Organizers at Drake carefully selected an extensive set of community partners who would find mutual benefit in meeting the Fellows. For example, the Fellows have visited The World Food Prize, Iowa Soybean Association, and Des Moines Water Works—all of which tackle the same types of challenges that Kenya native Peter Nyamai faces daily.
After graduating from college with a degree in chemical and process engineering, Nyamai landed a lucrative job in product development for a pesticide production company. The work introduced him to a number of farmers, who shared with him some of the country’s major challenges in food production and water quality.
After two-and-a-half years, Nyamai left his job and went into business for himself. He runs two companies: one teaches farmers to maximize crop production, and the other builds facilities to capture and store fresh rainwater, giving children and families in rural areas access to clean drinking water—often for the first time in their lives.

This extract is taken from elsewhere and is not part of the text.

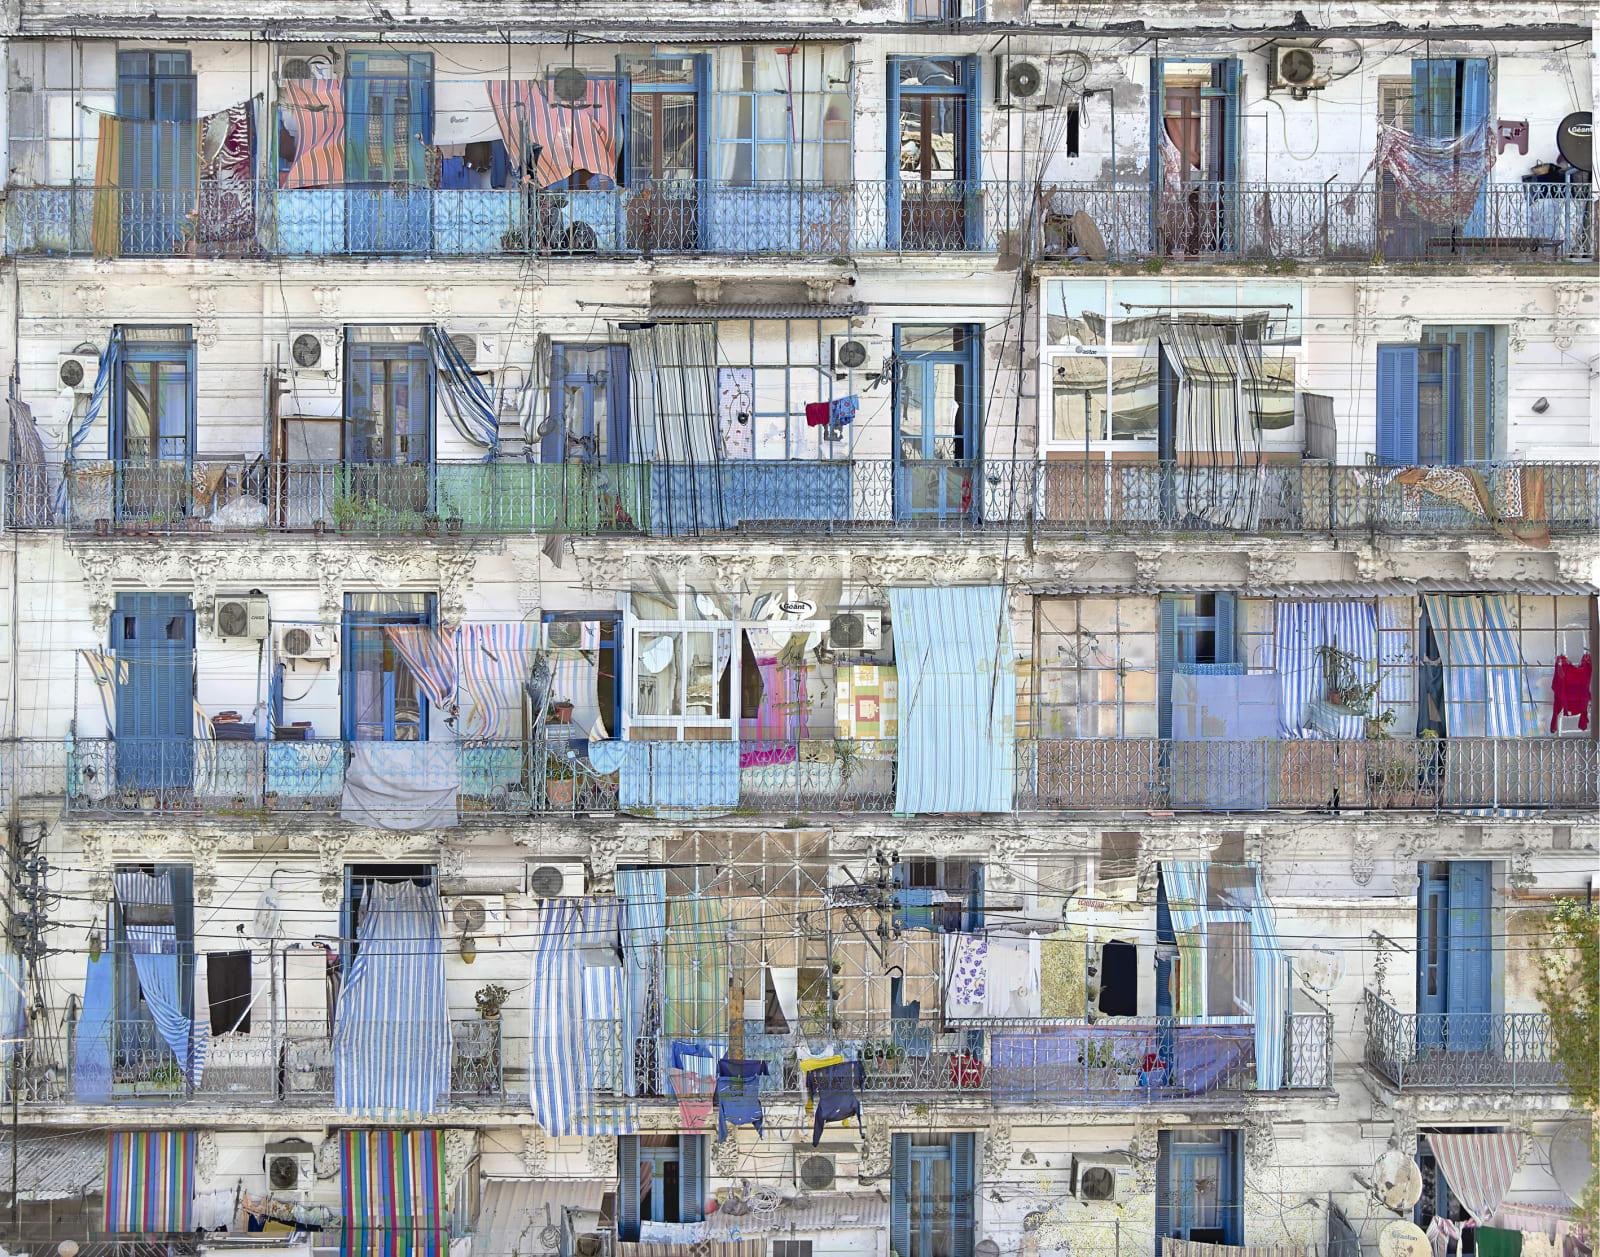 Stéphane Couturier, ALGER - Série 'Melting Point' Babel Oued # 10, 2015-2017
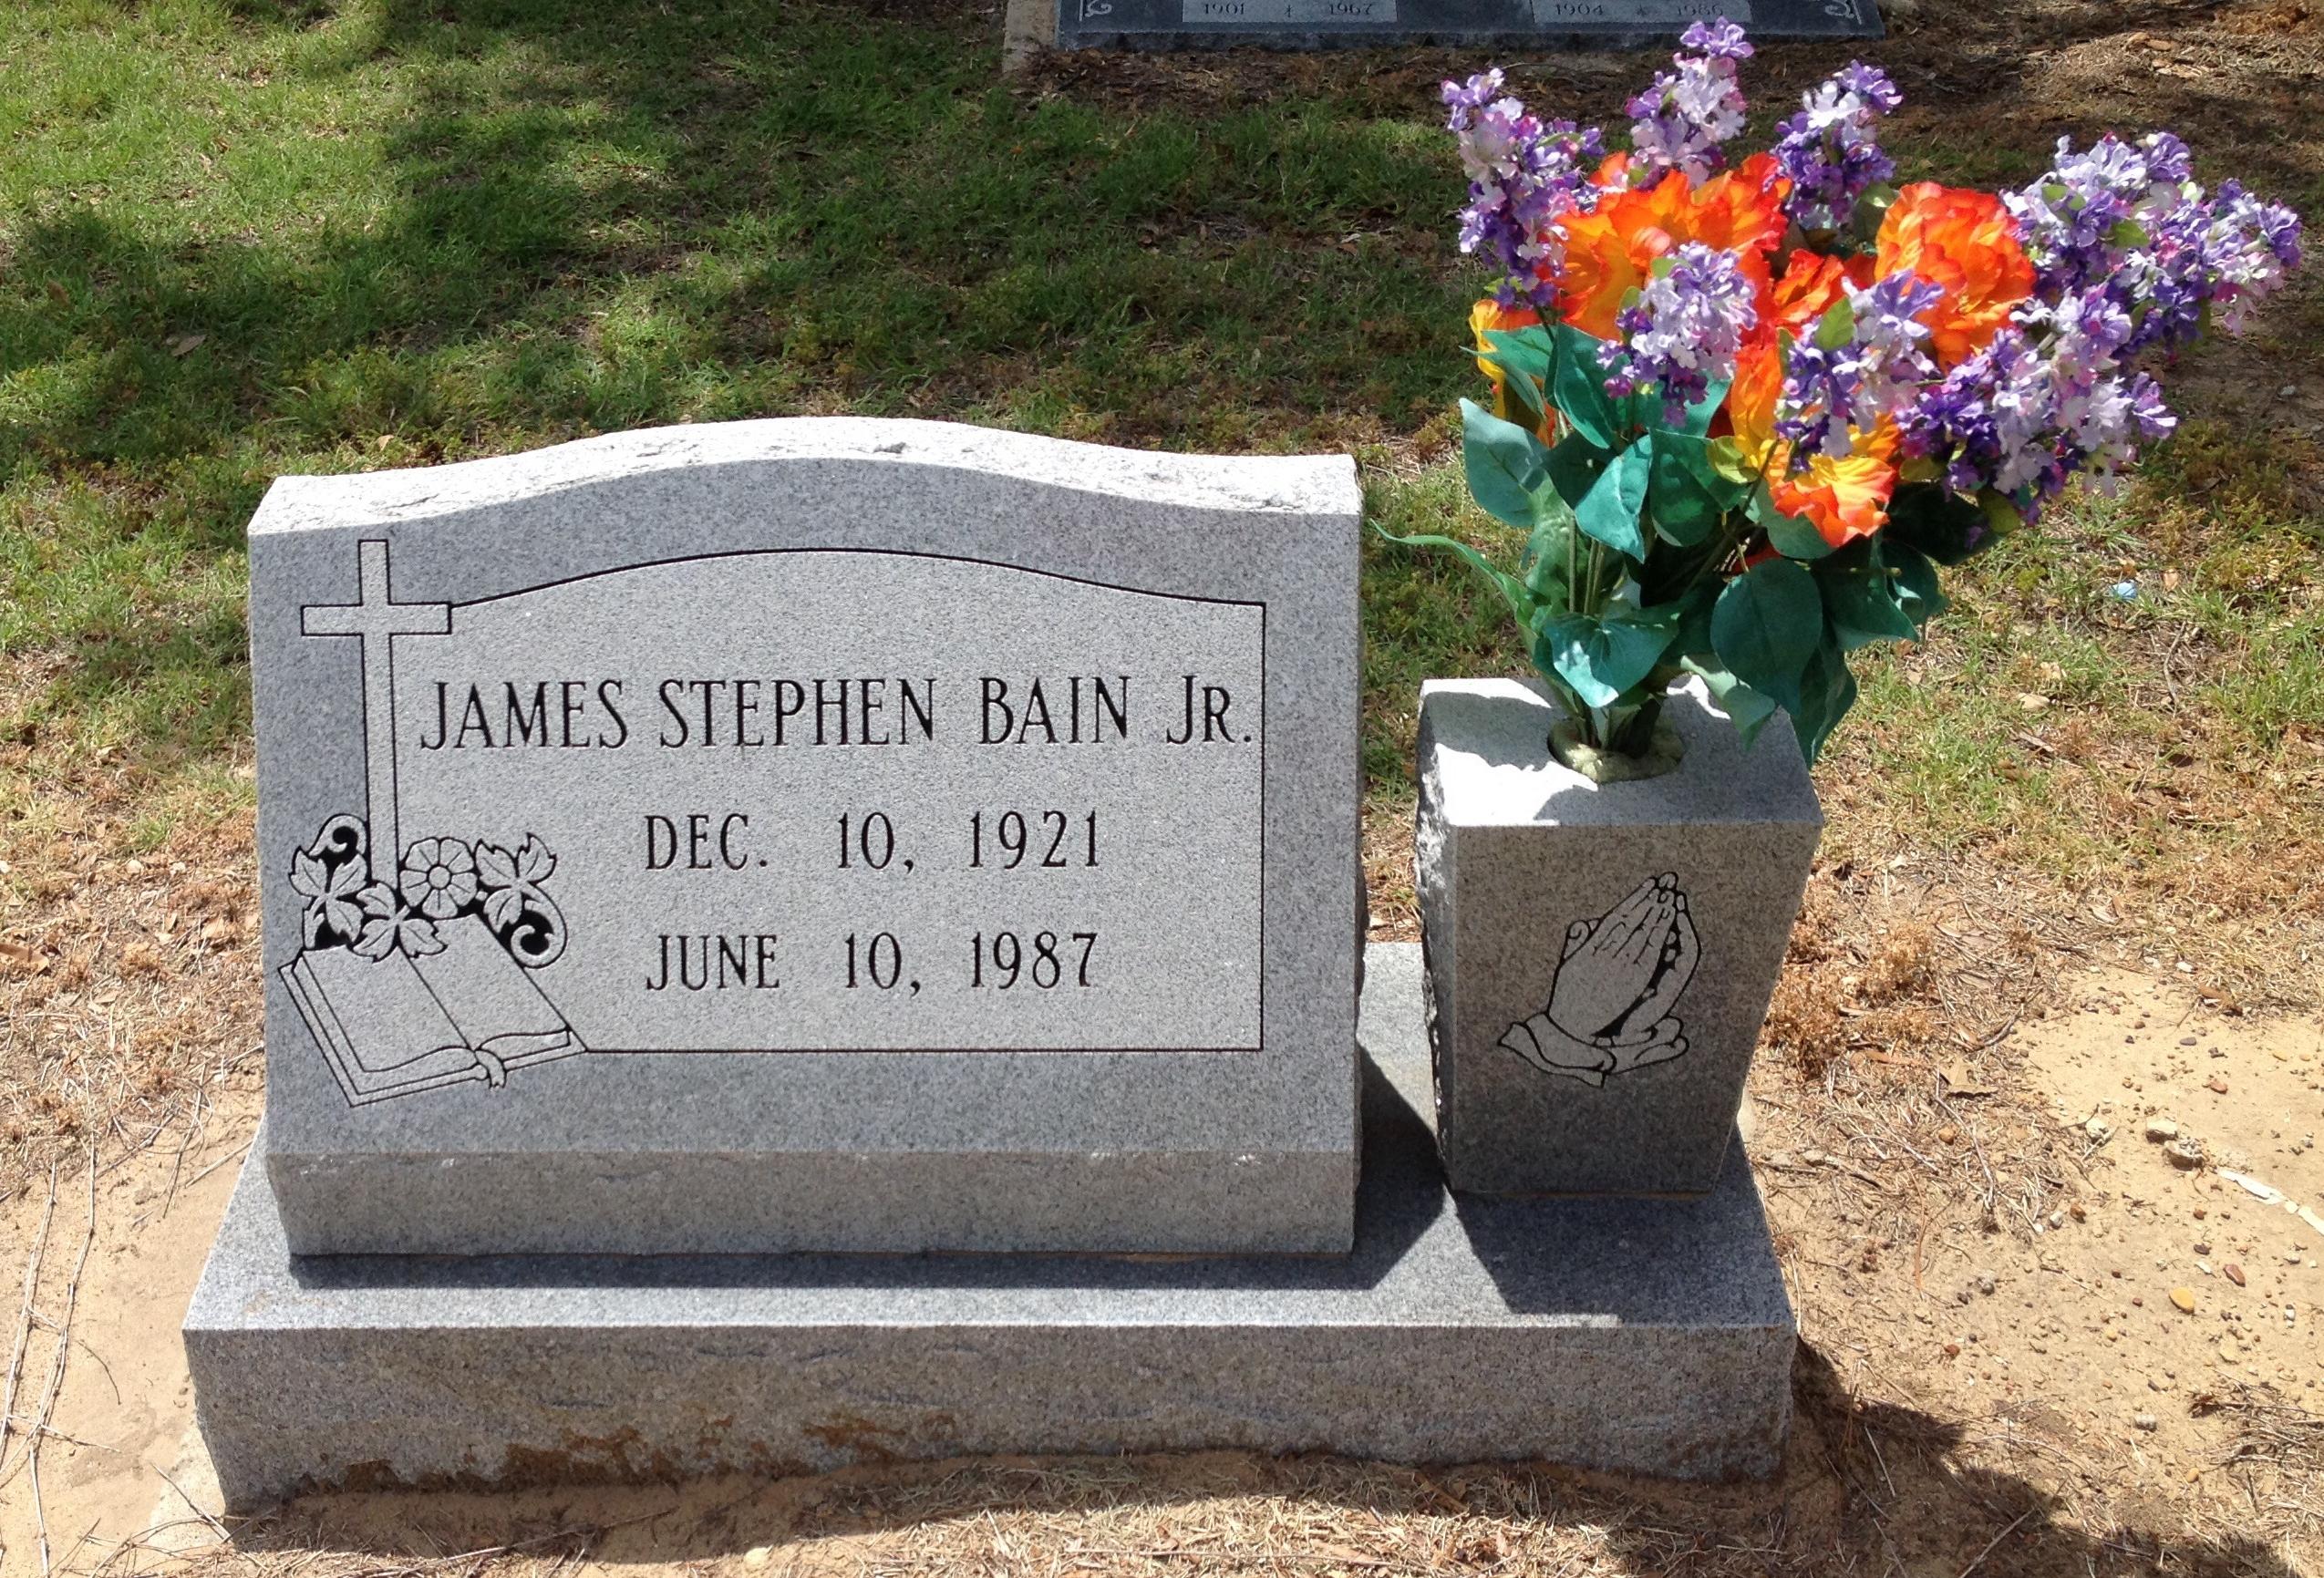 James Stephen Bain, Jr

“It is evident that Drake University is well-connected with its community,” Nyamai said. “We have connected with industries, with organizations, that are making this program truly matter to us.”
Gina Nzengue is an advertising professional from Gabon, a French-speaking country in central Africa. She’s the founder of a non-governmental organization that provides education for young girls, and her dream is to establish the largest mass media outlet in Gabon’s history.
While in Des Moines, she’s learning leadership and personal branding skills that will help lead her organization to the next level. She’s enjoyed everything about Des Moines, including the Fellows’ accommodations in Drake West Village; the new friends with whom she ate, laughed, and went dancing; and the guest lecturers, which included retired U.S. Senator Tom Harkin, Congressman David Young, and Drake alumna Darci Vetter, chief agricultural trade negotiator for the Office of the U.S. Trade Representative.
“Drake is just wonderful,” Nzengue said. “In Africa we know Harvard, Yale, that kind of thing. But when you come to Des Moines, you just discover that it’s a wonderful place to learn. I want to stay here—but I have lots of things to do in my country, and I have to go back.”